International fans will immediately notice a big difference with the World Feed, which won’t be littered with NBC, CBS or Golf Channel logos or anything else that doesn’t resonate internationally. Both Sharp and Hopfe, who’ve seen the test show from last month’s Genesis Invitational, used the phrase “night and day” comparing the World Feed to the EIF.

“Just the cleanness and the amount of golf shots we can get in compared to the network, and just the seamless look of everything from start to finish … I’m telling you, when you see these things side by side, it really is quite night and day,” Sharp said of the presentation with its own exclusive wipes, colors, content and graphics. “I hope the message and the feeling that we get from viewers is that it just looks like such a polished broadcast.
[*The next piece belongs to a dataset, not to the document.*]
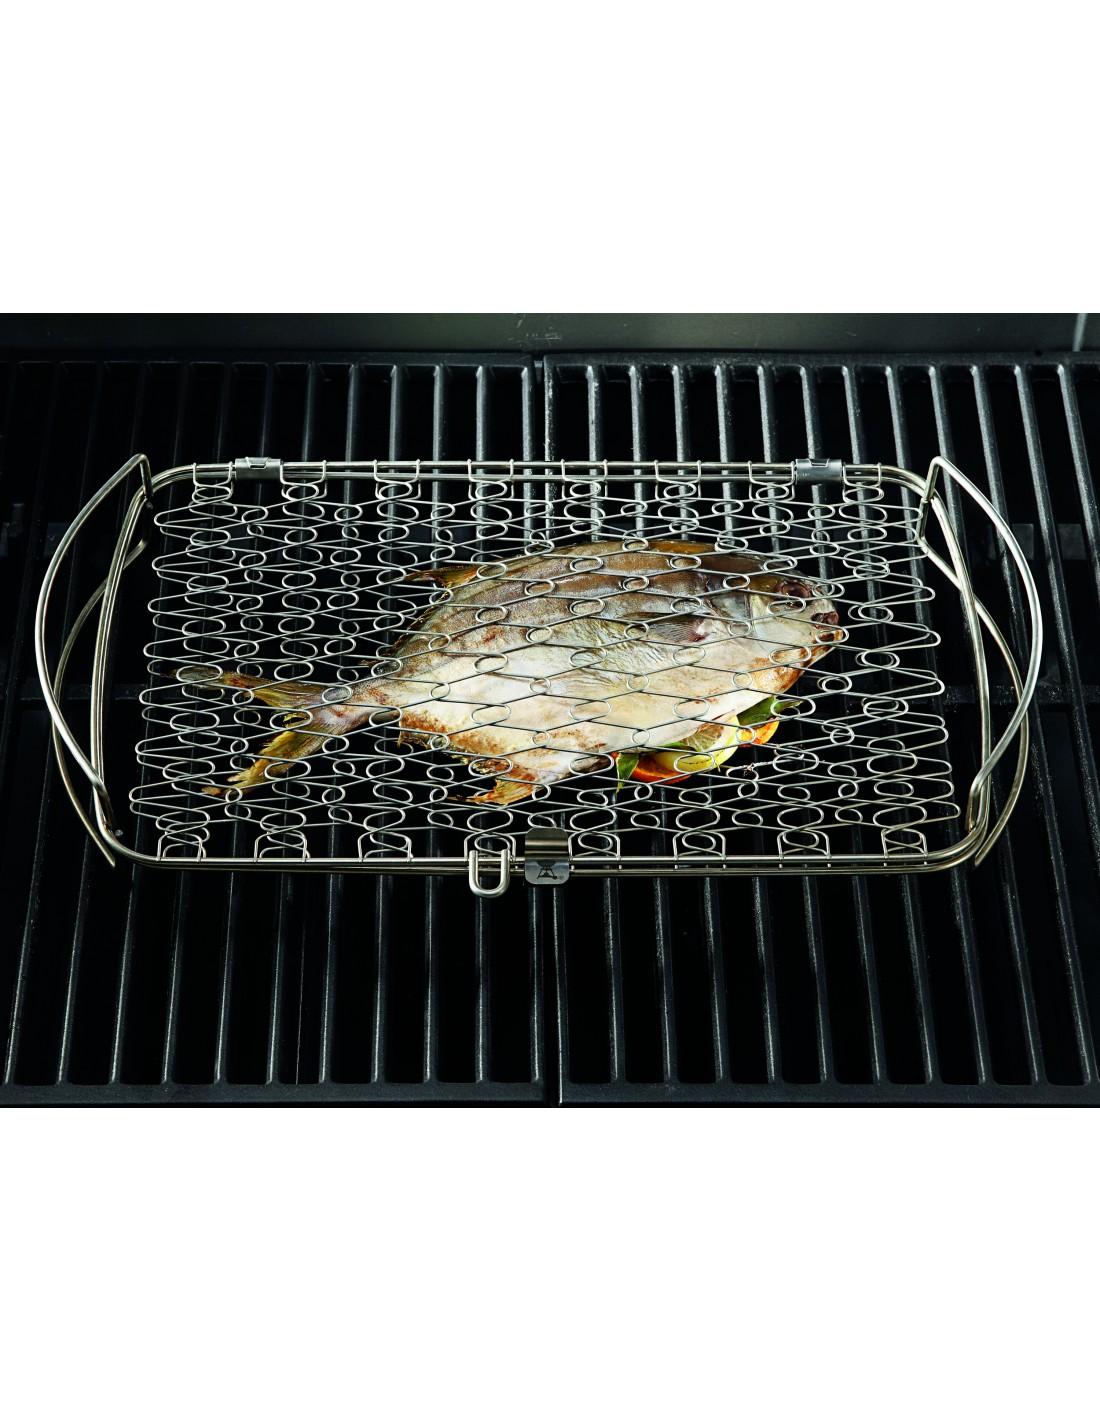 Recette barbecue weber poisson un site culinaire populaire avec des recettes utiles - Poulet barbecue weber ...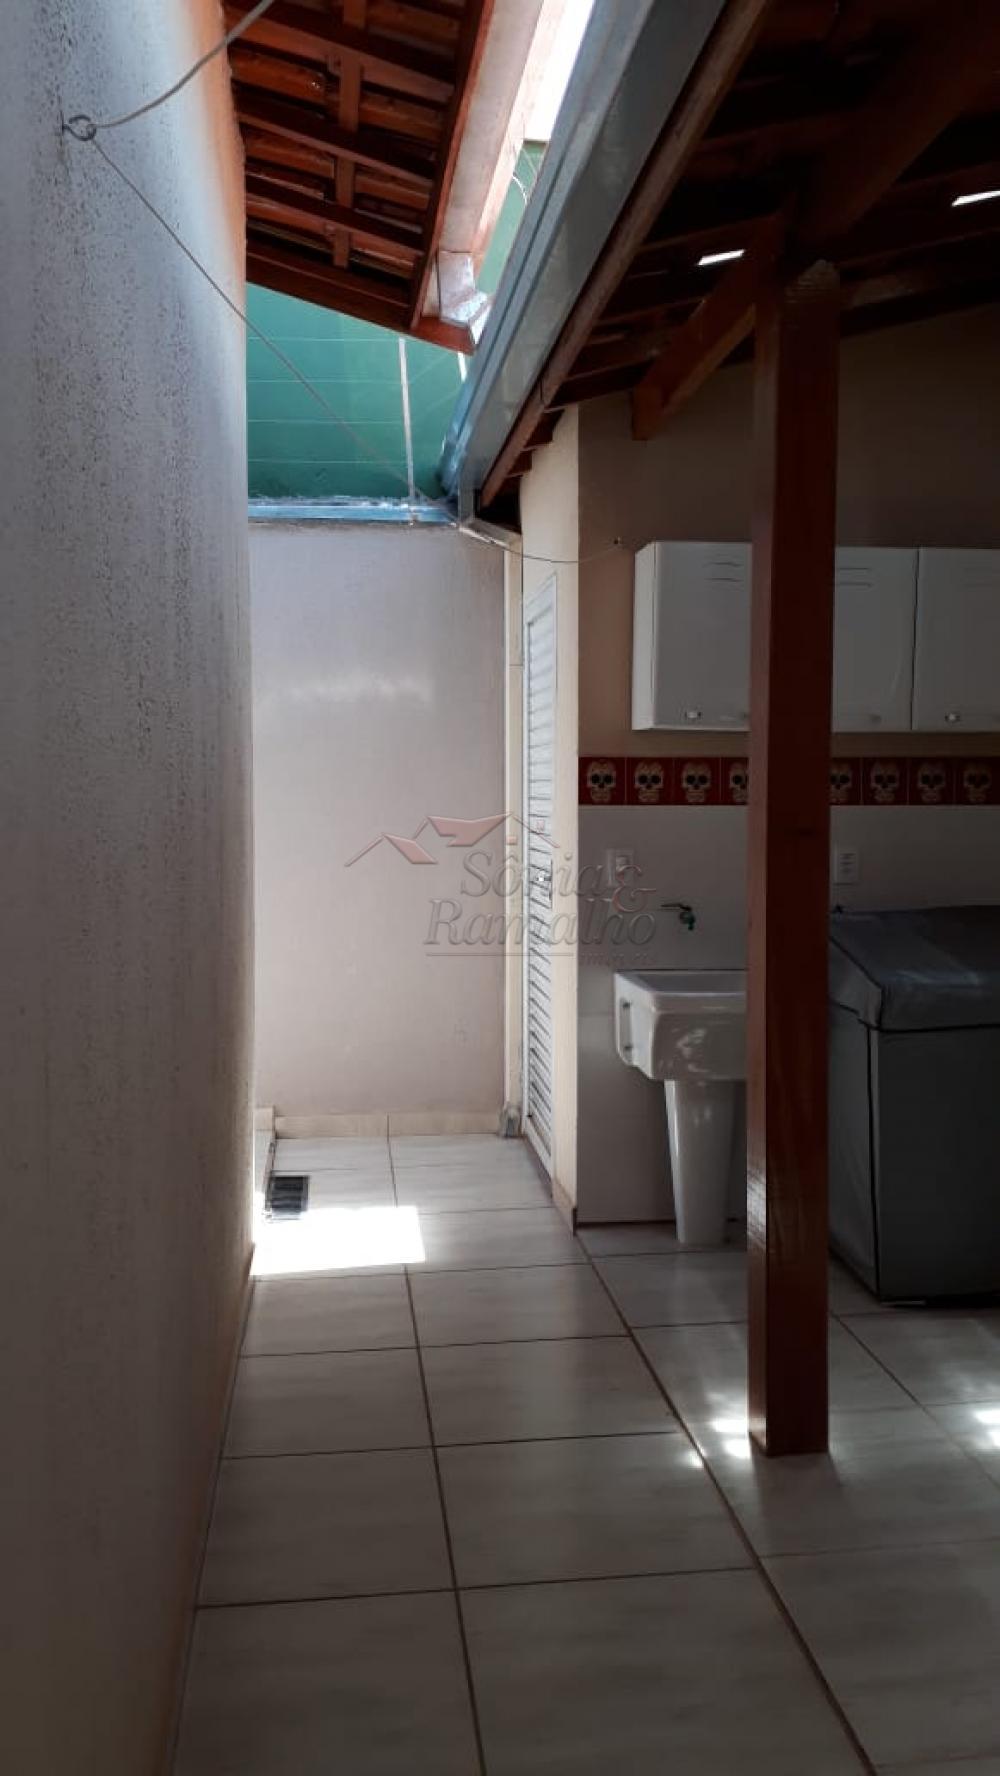 Comprar Casas / Padrão em Ribeirão Preto apenas R$ 265.000,00 - Foto 24

They’re seeing more golf and they’re seeing the people that they want to see.” 

All of it will be produced every week in its own dedicated control room inside the state-of-the-art PGA Tour Studios, which is roughly a Rory McIlroy drive from the tee of the famous 17th hole at TPC Sawgrass. “We have our own producer, director, talent … the exact same that you’d find in a CBS or NBC truck,” said Hopfe.

Sharp, a native Australian whose been with the PGA Tour for 19 years, has seen the data and understands the appetite for curated coverage in markets outside North America.

“We know that you need to be focusing more on international players, that’s what the partners and the fans want to see,” Sharp said. “But we’re also obviously delivering the storyline of the tournament as well. We’re not getting away from that, but what people will see now is really more of a focus on their local heroes and the international players featured in any given tournament.

Sharp says the long-term goal is to be more locally curated, meaning Ireland will eventually see more of McIlroy, Shane Lowry and Séamus Power.

“I think the broader goal and ambition is to be able to scale this World Feed for more localisation,” Sharp said. “Whether that means localising and having a Japanese feed with Japanese graphics and Japanese talent, or whether that means localising sponsorship … we’re seeing what the appetite is for that and then having feeds that are regional.”